It turned out that I didn't really need an urgent knowledge of Arabic. Everything we did was in English practically; but I would periodically go back and pick up from where I had left off in the FSI course.

I know. Given the golden opportunity of being immersed, if I wanted, in the rich linguistic environment of Arabic, but I had no yen for it. My previous Farsi helped me get along somewhat and perhaps that made me lazy---upon lazy upon lazy. I found that I wasn't alone in this aspect.

Malaise on so many levels except the company from whom I learned a lot. I left after a few years, seconded to Bechtel in Washington, and 4 years later, back to Dhahran--same job, same desk, and I carried my little FSI course back with me. Same deplorable attitude and learning discipline, but I would always go back to it--like a week, a month later like I would live forever.

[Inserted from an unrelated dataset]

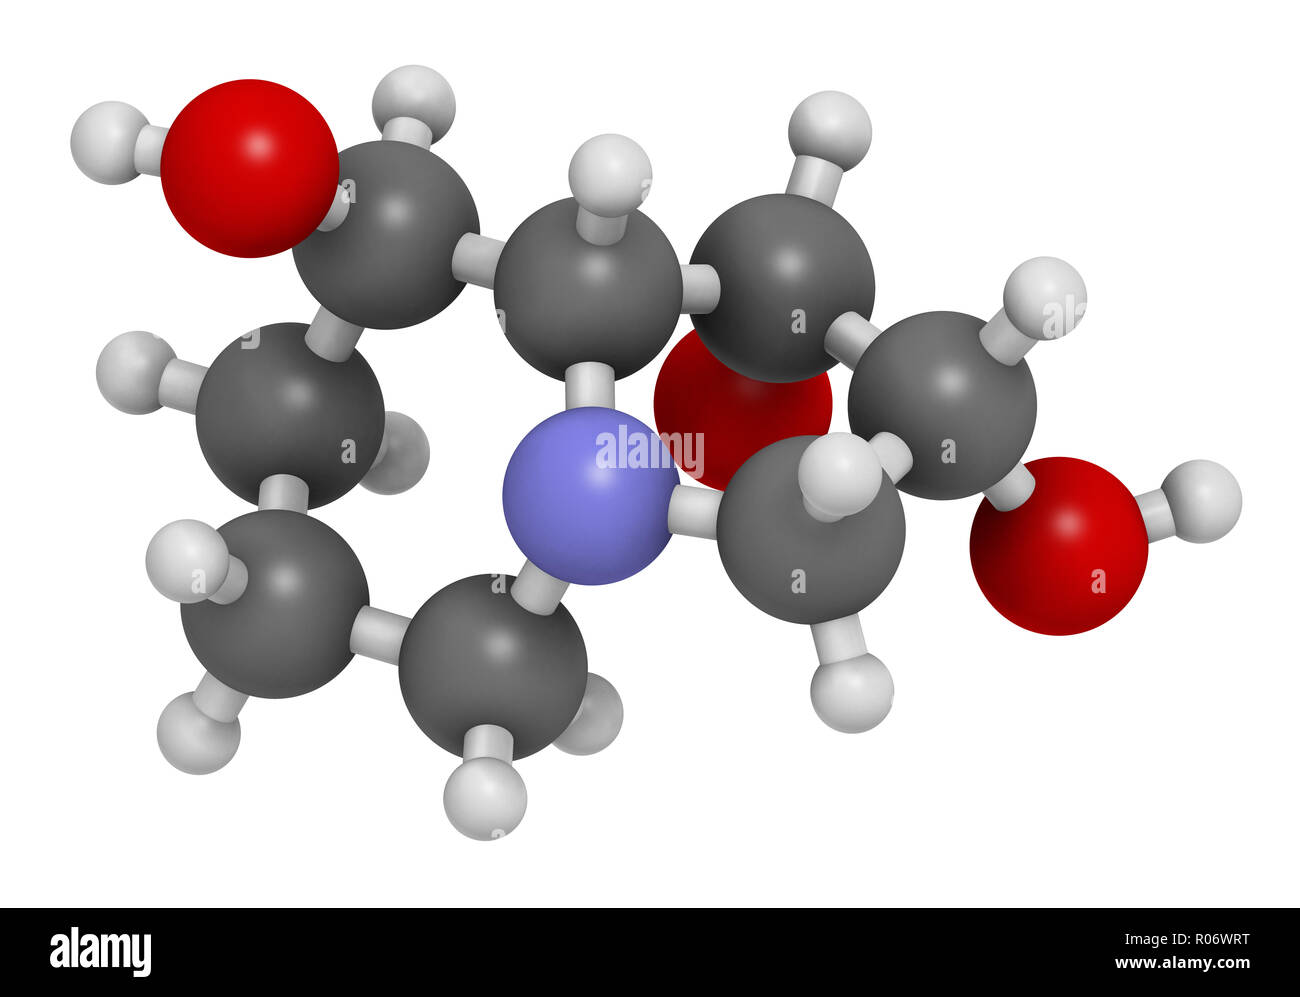 Swainsonine locoweed toxin molecule. Present in Astragalus, Oxytropis and Swainsona plant species. 3D rendering. Atoms are represented as spheres with Stock Photo

Finally, I finished what I had to do at Aramco and wound up in Washington where I was assigned to work at the Royal Embassy of Saudi Arabian Cultural Mission, located at the Watergate right on the Potomac. No way would I miss the opportunity of strolling along the Potomac or by the White House or the Lincoln Memorial on nice days; but on rainy or cold days, when I didn't feel like going to Starbucks for coffee or to the Kennedy Center, I would sequester myself on a couch near the entry way from the Watergate garage to listen to my tapes. And, yes, it was exactly the same entry way that Liddy and McCord and their nefarious helpers sneaked in to spy on the Democratic campaign headquarters for Nixon. That's where I finished the course.

I do recommend this course to people interested in learning Saudi Arabic--Hejazi dialect, but it doesn't matter. Easterners will easily get your drift.